Zwei weitere Forschungsvorhaben in Österreich und Spanien fokussieren die Möglichkeiten des SDC-Standards, KI Anwendungen zu unterstützen. An der Medizinischen Universität Wien entwickelt und validiert eine Forschergruppe funktionale Algorithmen, die den Zustand von Intensivpatienten in Echtzeit analysieren und PICS (Post Intensive Care Syndrom)-Indikatoren in einem Frühstadium erkennen können. Das Früherkennungs-Tool soll Ärzte mit Empfehlungen und Vorhersagen dabei unterstützen, Therapieentscheidungen besser und früher treffen zu können. Am Hospital Clínic Barcelona und der Universitat Politècnica de Catalunya, Barcelona steht die Analyse der Herz-Lungen-Interaktion im Mittelpunkt. In diesem Kooperationsprojekt werden Algorithmen entwickelt und klinisch validiert, mit denen negative Gesundheitsentwicklungen und bestimmte Syndrome früh erkannt und angezeigt werden.

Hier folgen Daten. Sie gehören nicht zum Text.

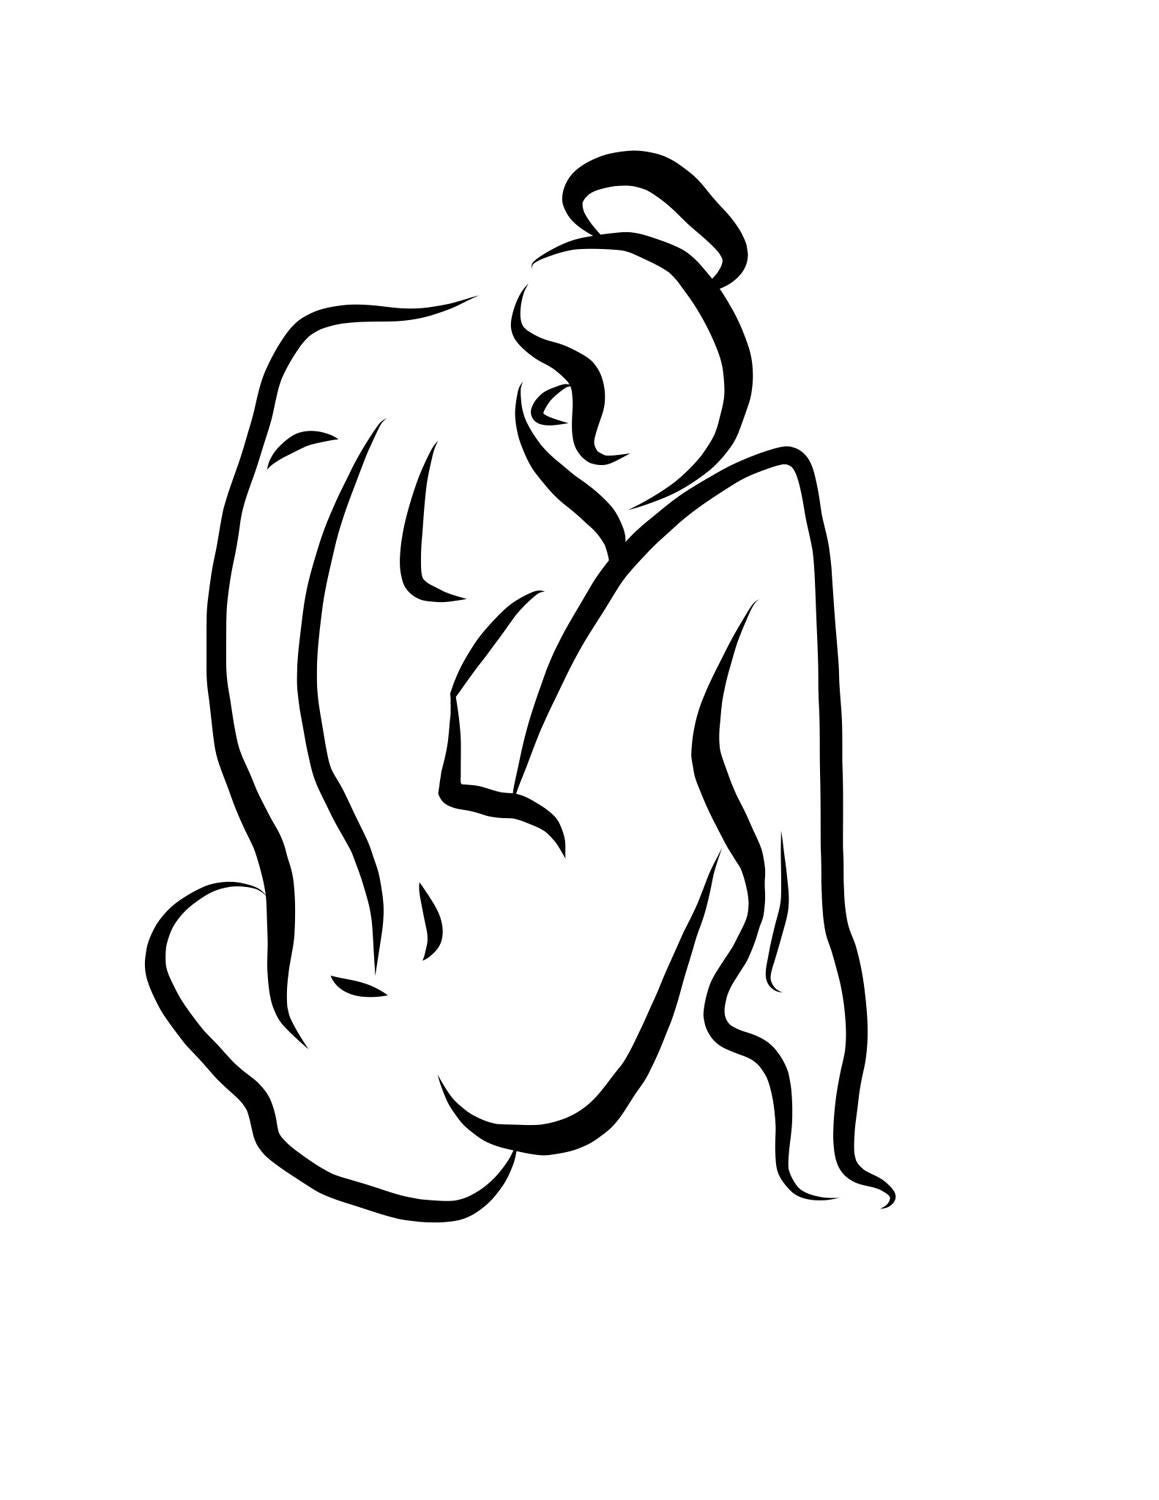 Michael Binkley Nude Print - Haiku #15 - Digital Vector Drawing Seated Female Nude Woman Figure from Behind
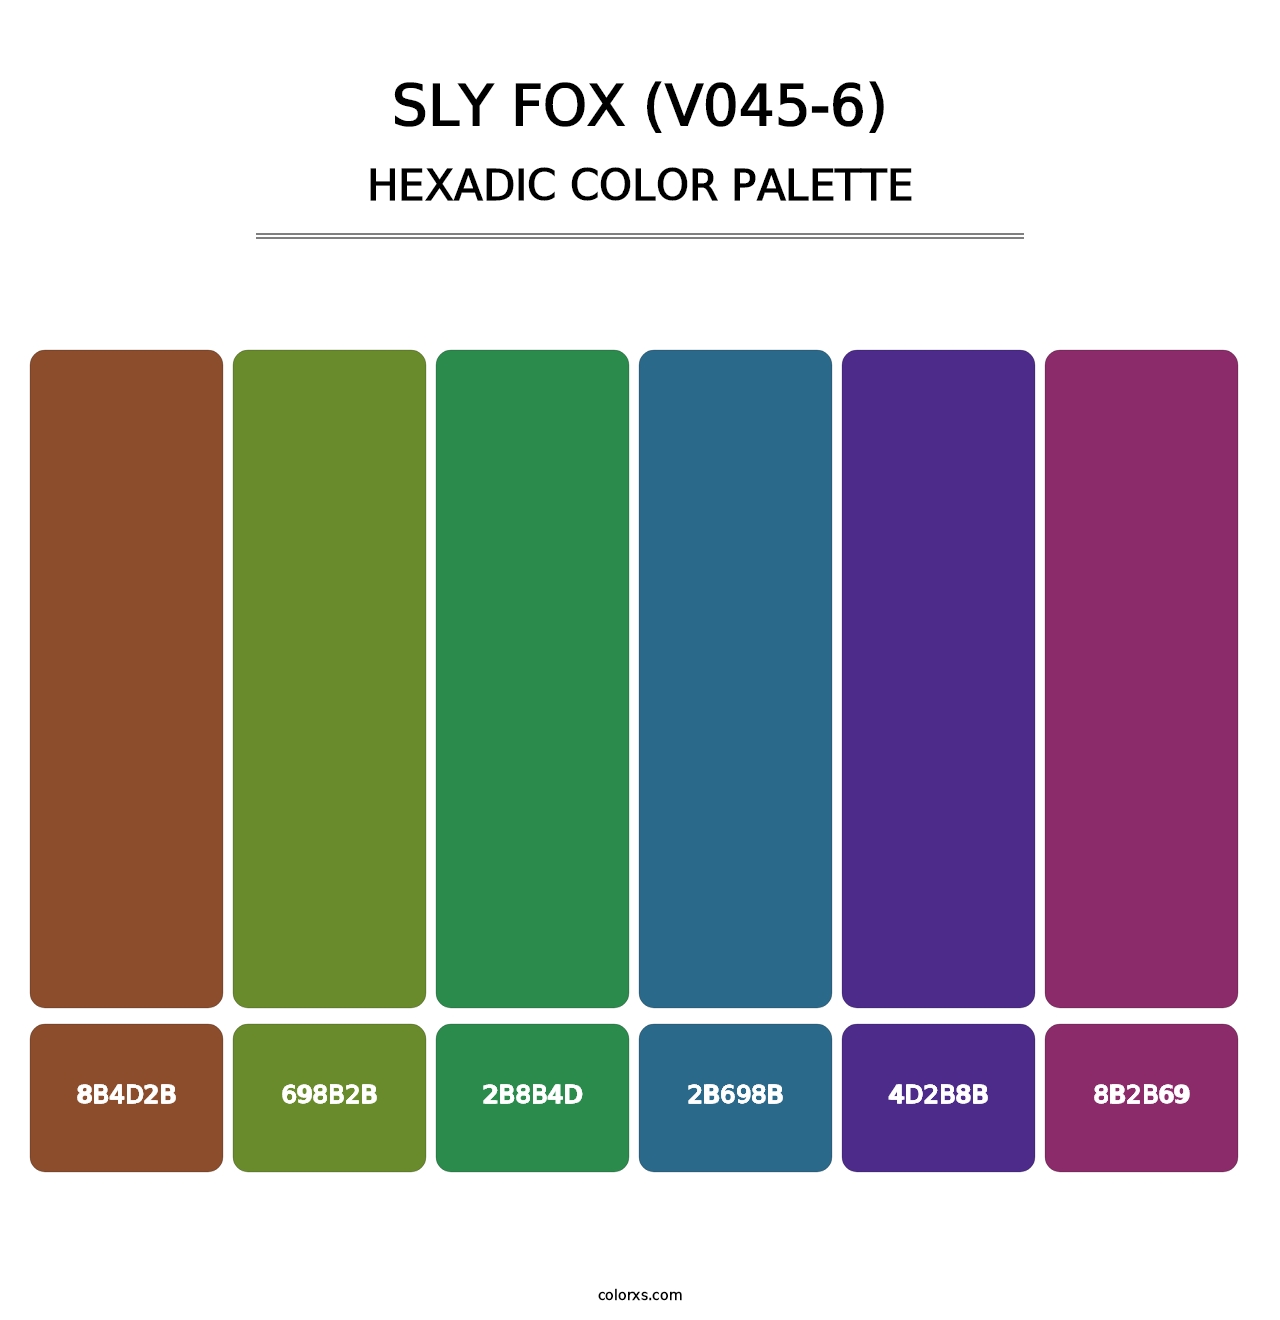 Sly Fox (V045-6) - Hexadic Color Palette

SDC-Standard etabliert sich im klinischen Alltag
Medizinische Geräte und Krankenhaus-IT müssen in einer offenen, sicheren Netzinfrastruktur klinische Daten empfangen oder senden können, unabhängig vom Hersteller. Dies ermöglicht die von der Non-Profit-Organisation OR.NET entwickelte SDC-Infrastruktur, die kompatibel ist zum weit verbreiteten Klinikstandard HL7. „Dräger engagiert sich für die Verbesserung der Akutversorgung durch Technologien und Dienstleistungen, die zur Therapieunterstützung und Krankenhausautomatisierung beitragen. Dafür investieren wir in die Innovation digitaler Systemlösungen und klinischer IT-Infrastrukturen und haben uns mit viel Engagement in die Entwicklung des SDC-Standards eingebracht. Umso mehr freut es mich, dass die EU dieses Engagement unterstützt. Dies fördert die digitale Transformation in der Medizintechnik und bestätigt Europa als führenden Innovationsstandort in diesem Sektor“, sagt Toni Schrofner, Chief Officer Medical Division bei Dräger.